Word-level prediction: positive
Word-level probability: 0.5288

Character-level prediction: negative
Character-level probability: 0.5670

Using Pre-trained Chinese Models (Advanced)

For production applications, you would typically use pre-trained models. Here’s how you might integrate a pre-trained Chinese BERT model using the transformers library.

# Uncomment and run this if you have the transformers library installed
# !pip install transformers

# from transformers import AutoTokenizer, AutoModelForSequenceClassification
# import torch

# # Load pre-trained Chinese BERT
# tokenizer = AutoTokenizer.from_pretrained("bert-base-chinese")
# model = AutoModelForSequenceClassification.from_pretrained("bert-base-chinese", num_labels=2)

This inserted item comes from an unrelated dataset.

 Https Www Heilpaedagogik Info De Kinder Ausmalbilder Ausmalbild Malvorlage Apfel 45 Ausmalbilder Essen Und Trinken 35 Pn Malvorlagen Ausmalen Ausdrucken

# # Tokenize a sample text
# inputs = tokenizer(new_review, return_tensors="pt")

# # Get predictions
# with torch.no_grad():
#     outputs = model(**inputs)
#     predictions = torch.nn.functional.softmax(outputs.logits, dim=-1)
#     print(predictions)

Conclusion

In this notebook, we’ve demonstrated how to adapt fastai’s NLP capabilities for Chinese text processing. We’ve explored:

Different tokenization methods for Chinese (word-level vs. character-level)
Creating custom tokenizers for fastai
Building a simple Chinese text classifier
Comparing different approaches

For real-world applications with larger datasets, you would follow the complete ULMFiT approach:

Pre-train a language model on a large Chinese corpus
Fine-tune the language model on your domain-specific data
Fine-tune a classifier using the language model

You would also likely use more advanced models like Chinese BERT, RoBERTa, or MacBERT for state-of-the-art performance.